_Input data_:

※

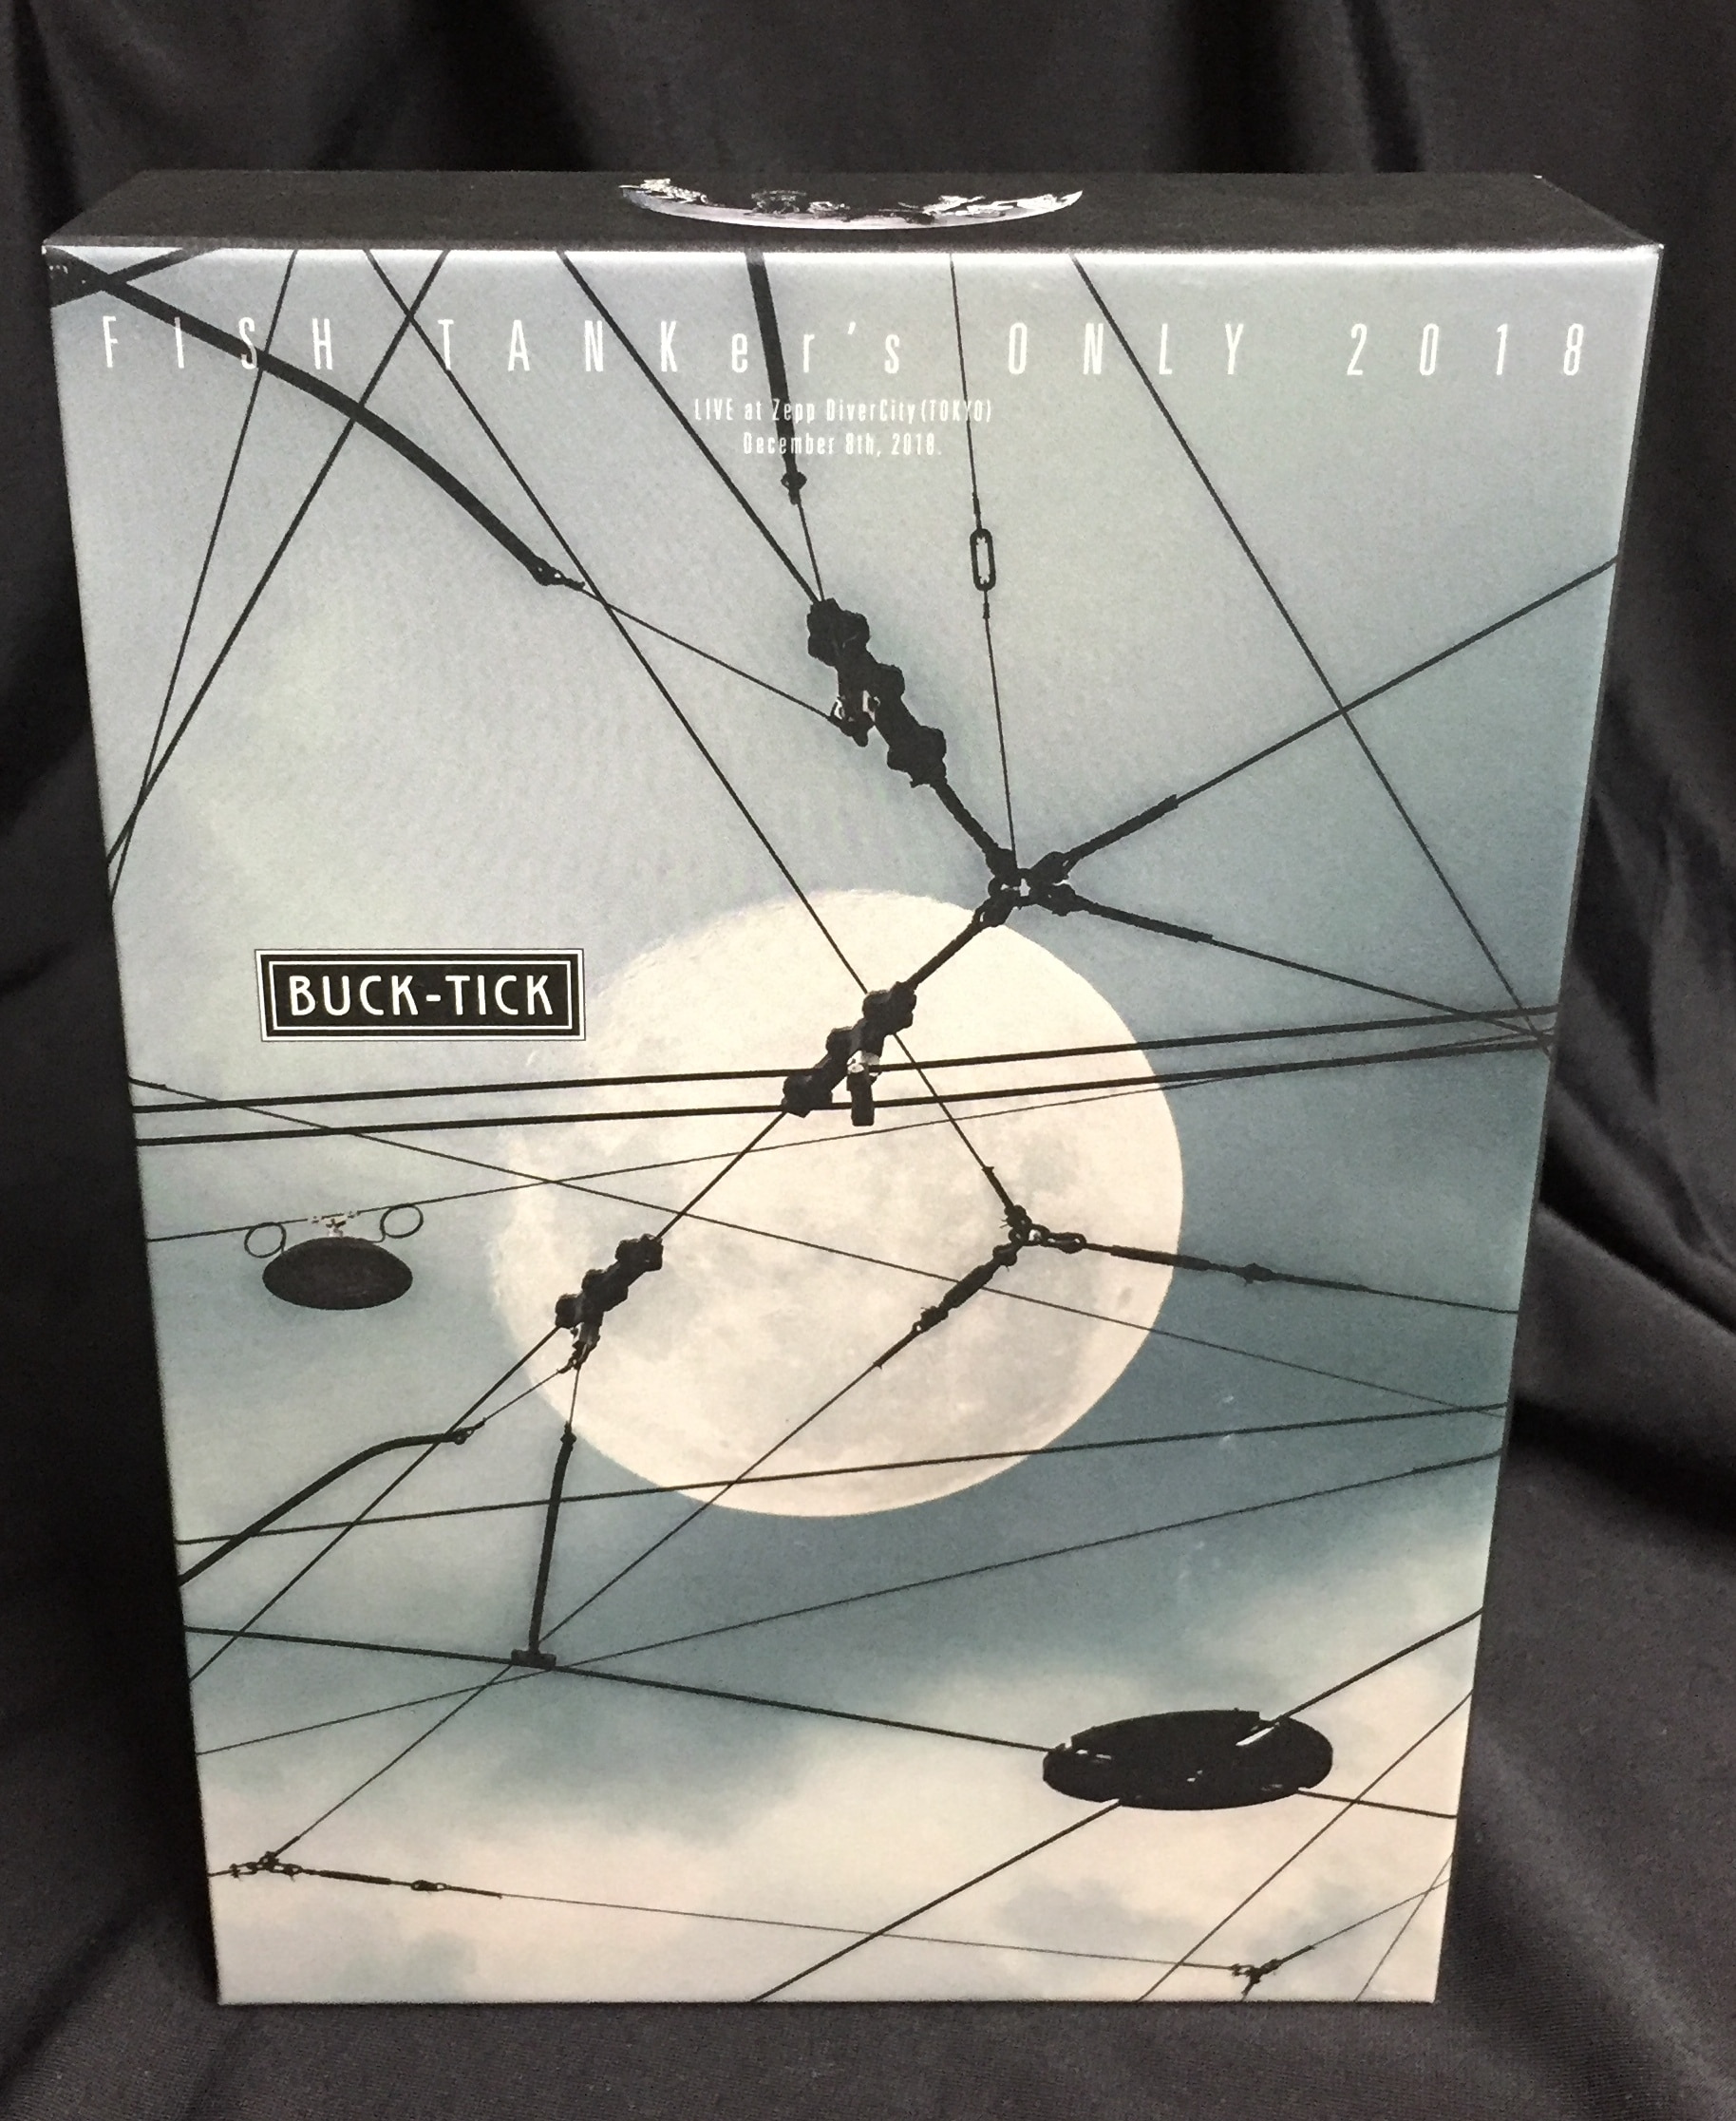 BUCK-TICK 完全予約限定盤(2Blu-ray+2CD) FISH TANKer's ONLY 2018 ...
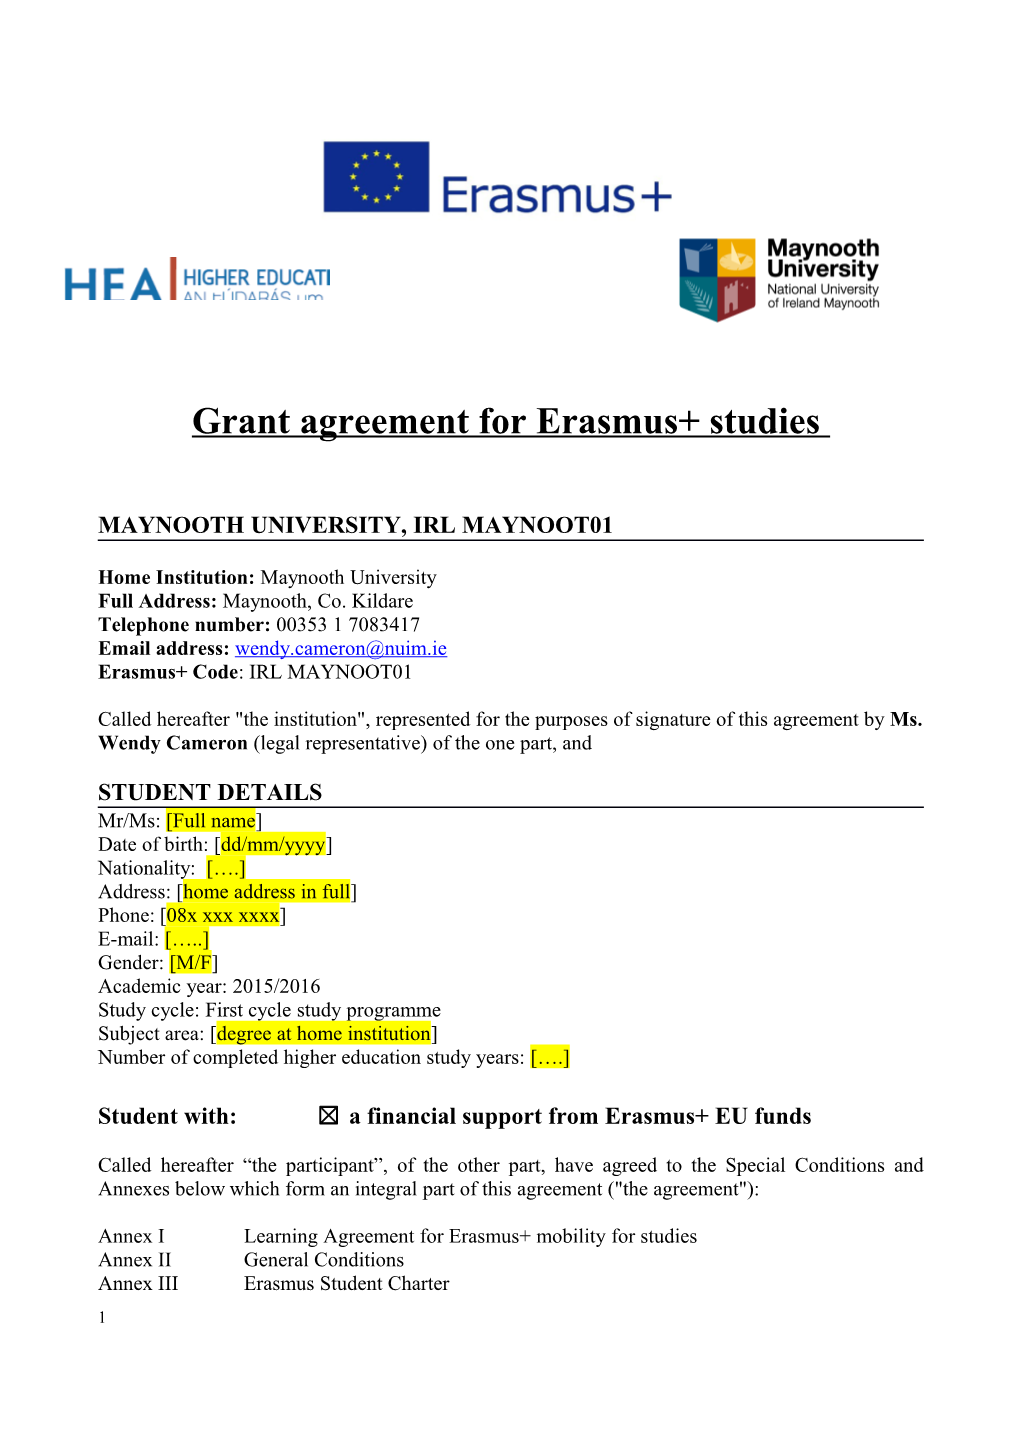 Grant Agreement for Erasmus+ Studies
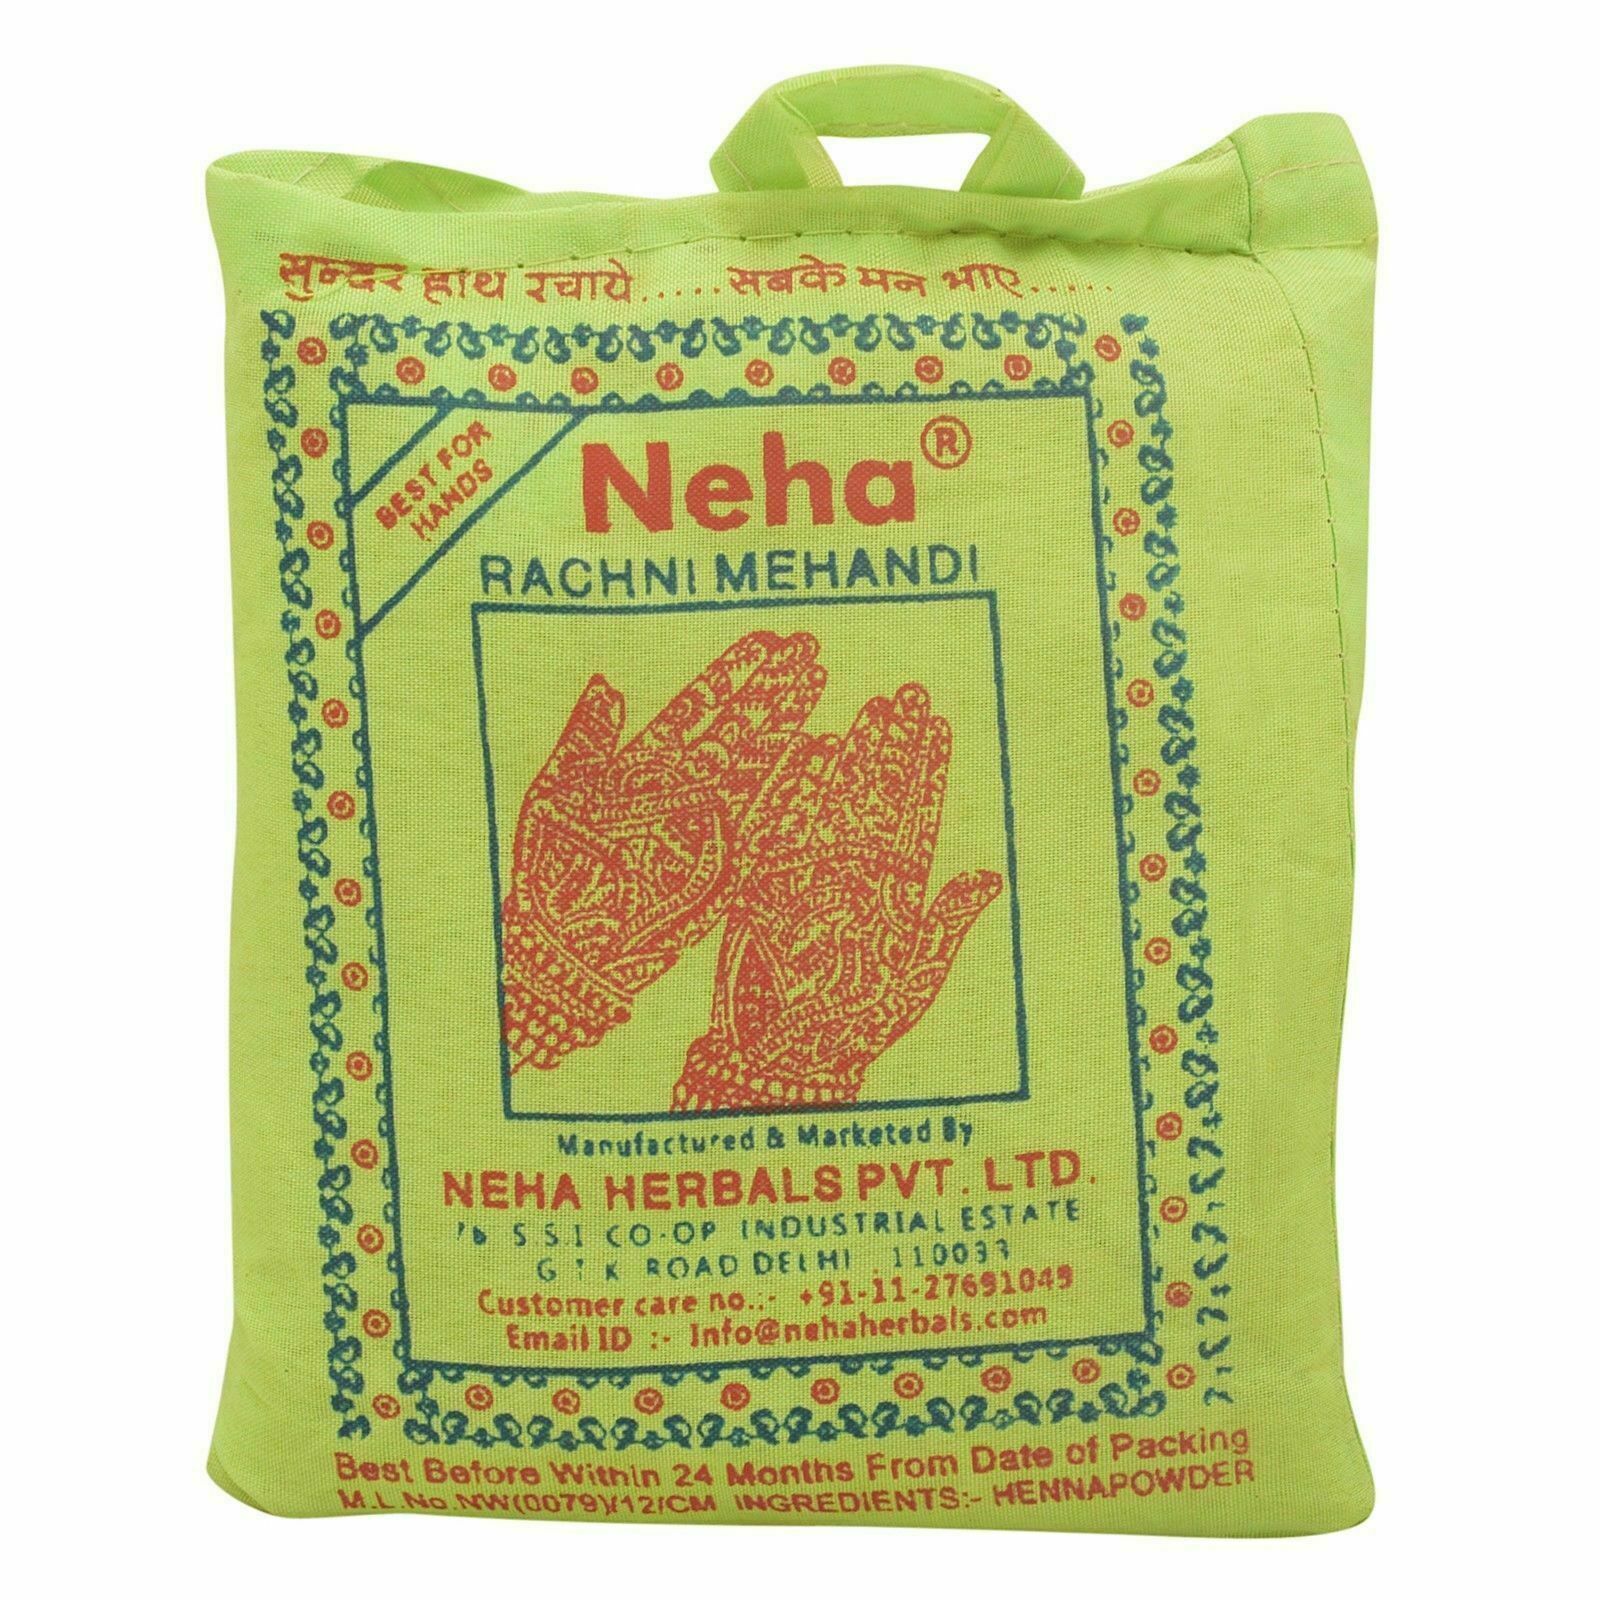 Neha Rachani Mehndi 100% Pure Herbal Henna Powder For Hair Coloring 500 Gm Pack

※

_Exercise objective_: Output all data exactly, omitting images.

_Completed task_:
 BUCK-TICK 完全予約限定盤(2Blu-ray+2CD) FISH TANKer's ONLY 2018 ...
 Grant Agreement for Erasmus+ Studies
 Neha Rachani Mehndi 100% Pure Herbal Henna Powder For Hair Coloring 500 Gm Pack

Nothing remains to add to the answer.